На месте убийства присутствовали как минимум двое, скорее трое. Один держал, — и Гуров непроизвольно потер локти. — Ведь я однажды уже испытал такую хватку. Прошлым летом, во время моего „похищения“ спортсменами. Олег Веселов. Не слишком ли просто? А сколько у них может быть доверенных парней такой недюжинной силы? Веселова следует проверить».

Гуров взглянул на Дениса, который развалившись в кресле, читал «Огонек».

«Вернемся к убийству. Один стрелял. Эфенди? Скорее всего. Зачем Волину впутывать в рискованную историю лишних людей? А раз без лишних, то и фотографировал лично Руслан Алексеевич Волин. Если это так, то это вторая серьезная ошибка Волина». И Гуров неожиданно вслух запел:

— Ошибка резидента… Ошибка Референта. Понимаешь, Денис, — сказал он удивленному хозяину, — пока человек живой, он не покойник, а жизнь любого человека состоит из находок и потерь, поступков правильных и ошибок.

— Ты философ, Лев Иванович.

— Это точно, — согласился Гуров. — Ты прошлым летом, помнится, хвастался, какие в спорте замечательные ребята выросли, как они переживают, что их порой с рэкетирами и мафией связывают.

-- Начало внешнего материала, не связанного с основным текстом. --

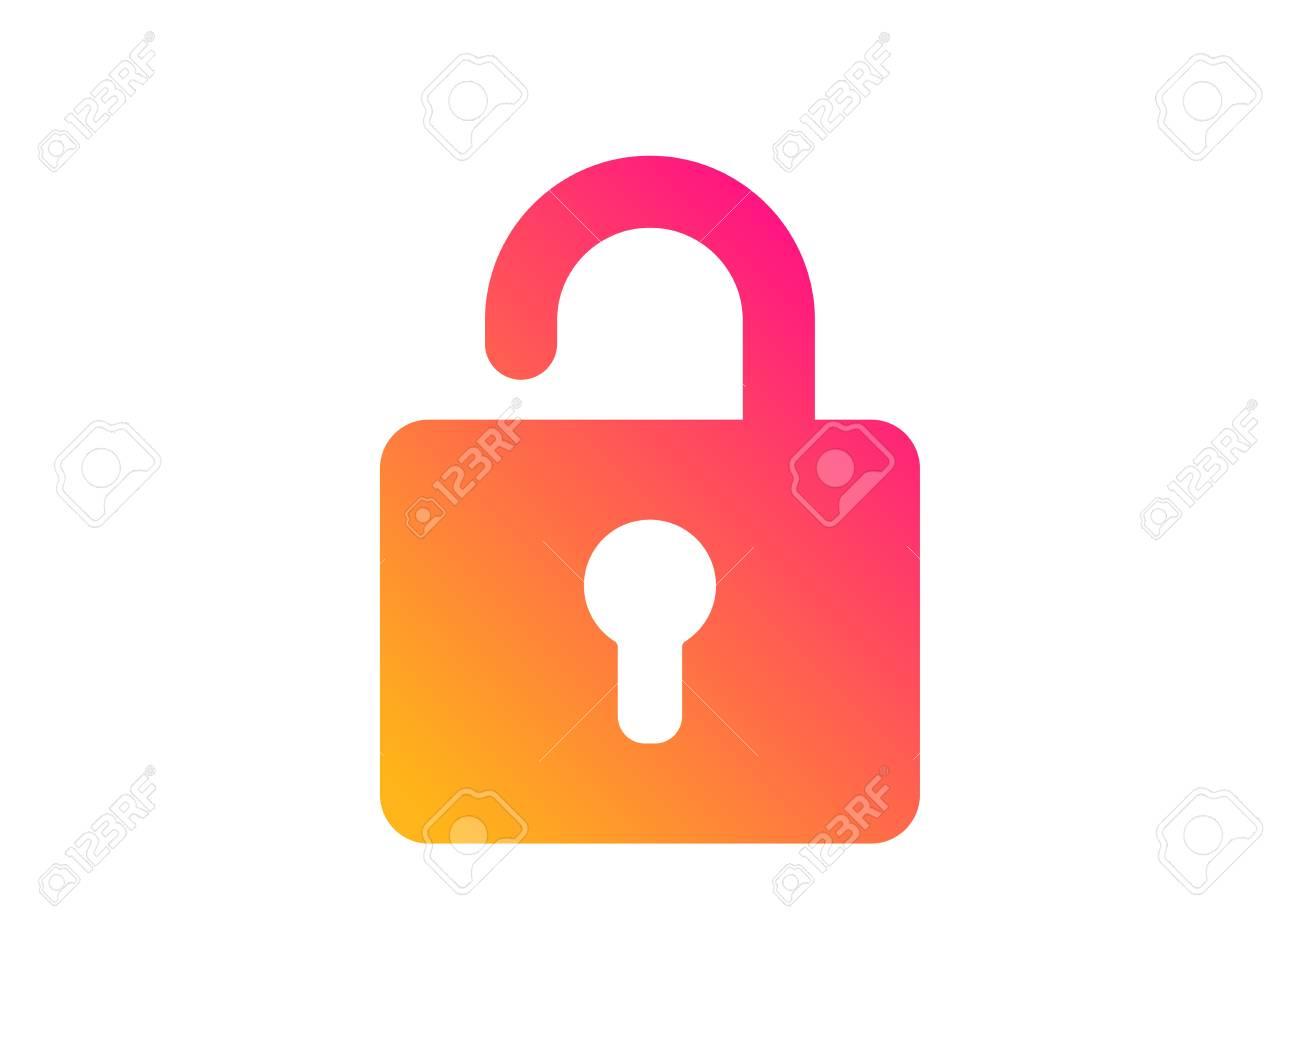 Lock icon. Private locker sign. Password encryption symbol. Classic flat style. Gradient lock icon. Vector - 123159587

Было?

— На Веселова намекаешь? Паршивая овца. А среди вас?…

— И среди нас, — перебил Гуров. — Ты из тех ребят найди двух-трех надежных.

— А как определить? Я теперь пуганый, а в душу не залезешь…

— А в душу и не надо, люди этого не любят. Повстречайся, присмотрись. Сегодня люди достаток не скрывают, легкие деньги видно. Сколько бы человек ни зарабатывал, дай бог каждому поболе, но трудовые деньги — одно, ворованные — иное. Найди троих верных, смелых…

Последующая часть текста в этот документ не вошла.